In this talk we define and investigate a local space scaling exponent \(\alpha\) and a local time scaling exponent \(\beta.\)
The exponent \(\alpha\) is the local Hausdorff dimension. We provide several examples of spaces with continuously variable \(\alpha.\) We also investigate a local Hausdorff measure and establish uniqueness up to a strong equivalence of measures satisfying the Ahlfors regularity property \(\mu(B_r(x)) \asymp r^{\alpha(x)}.\)
The exponent \(\beta\) is roughly defined as a critical exponent of the expected number of steps needed for a discrete time random walk on an approximation of the space at scale \(\epsilon\) to leave a ball multiplied by a power \(\epsilon^\beta\) as the scale \(\epsilon\) goes to \(0.\) This exponent can then be localized. Next, we use \(\beta\) to re-normalize the time scale by introducing local exponential waiting times with mean at site \(x\) of [/latex]\epsilon^{\beta(x)}.[/latex] This gives a continuous time walk. We then examine the exit time regularity condition that if \(\mathscr{T}(B)\) is the supremum of the exit times from a ball \(B\) then \(\mathscr{T}(B_r(x))\asymp r^{\beta(x)}.\)

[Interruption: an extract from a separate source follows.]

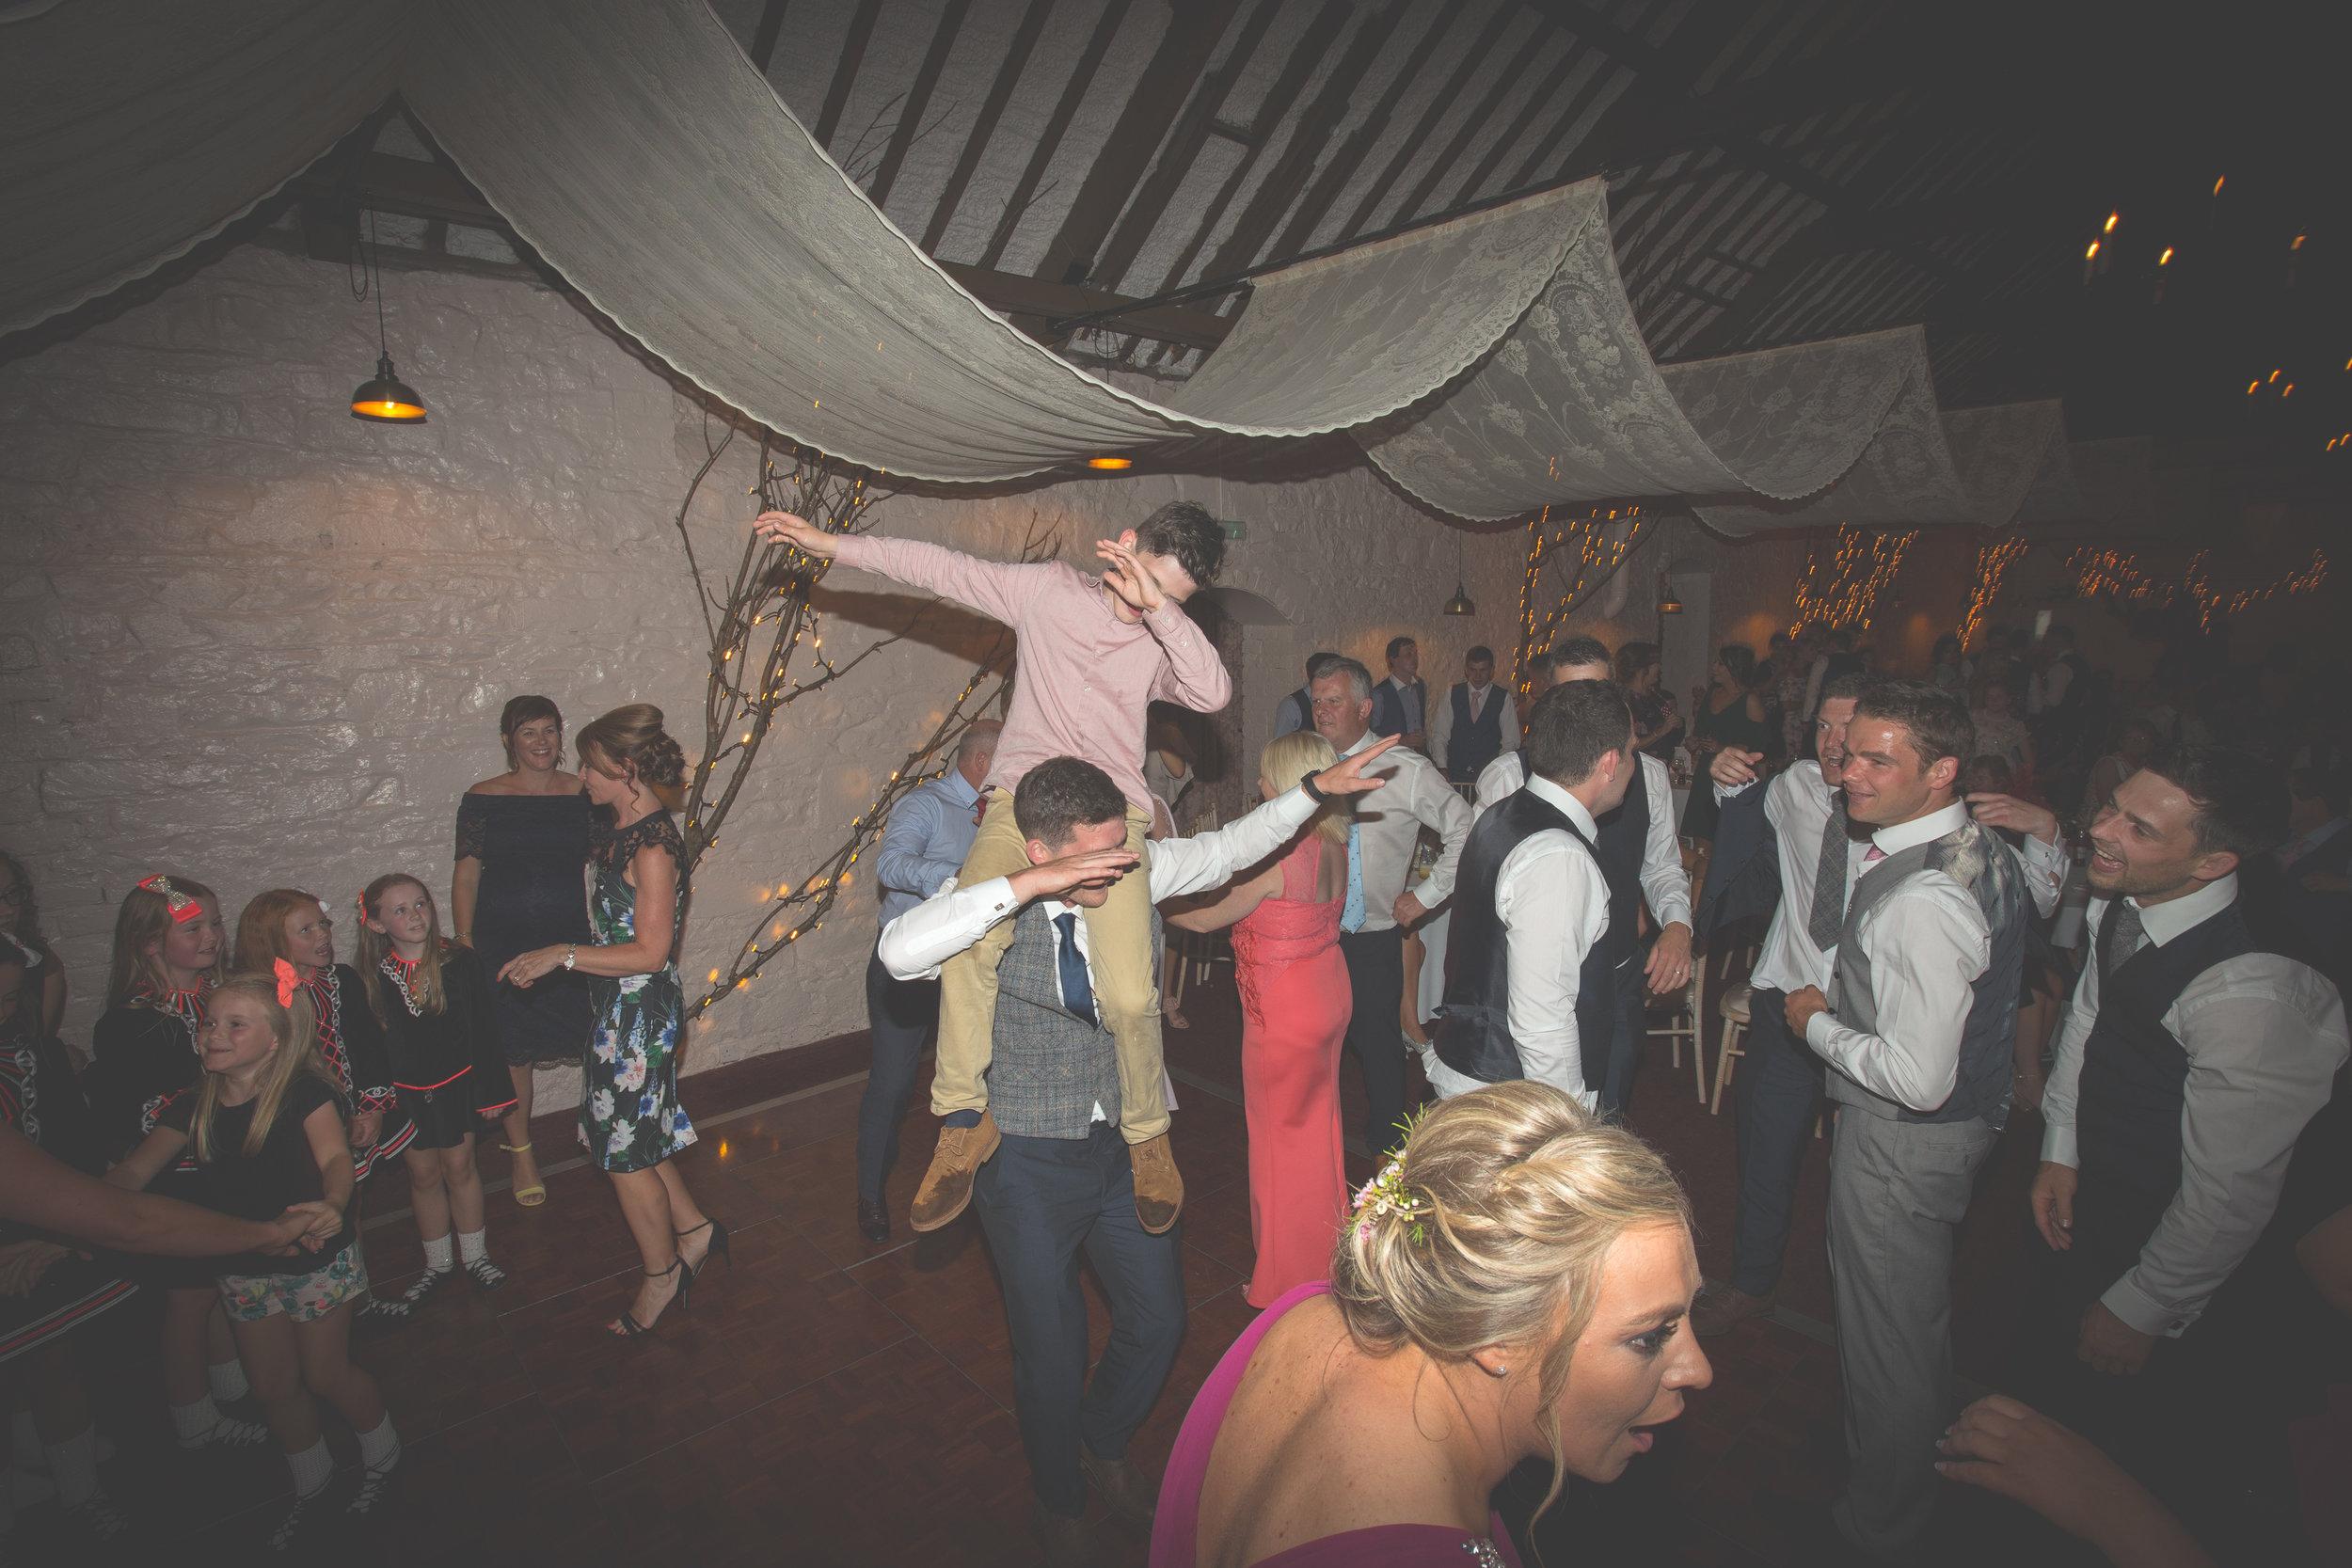 Brian McEwan Wedding Photography | Carol-Annee & Sean | The Dancing-72.jpg

We show that this condition has a number of useful consequences, one of which is a Faber-Krahn type inequality \(\lambda_{1,\epsilon}(B)\geq \frac{c}{R^{\beta(x_0)}}\) where \(B=B_R(x_0)\), \(\lambda_{1,\epsilon}(B)\) is the bottom of the spectrum of the generator of the time-renormalized walk killed outside of \(B\) at stage \(\epsilon\) and \(c\) is a constant independent of \(\epsilon, x_0,\) and \(R.\) Lastly, we investigate convergence of approximating forms using \(\Gamma-\)convergence techniques.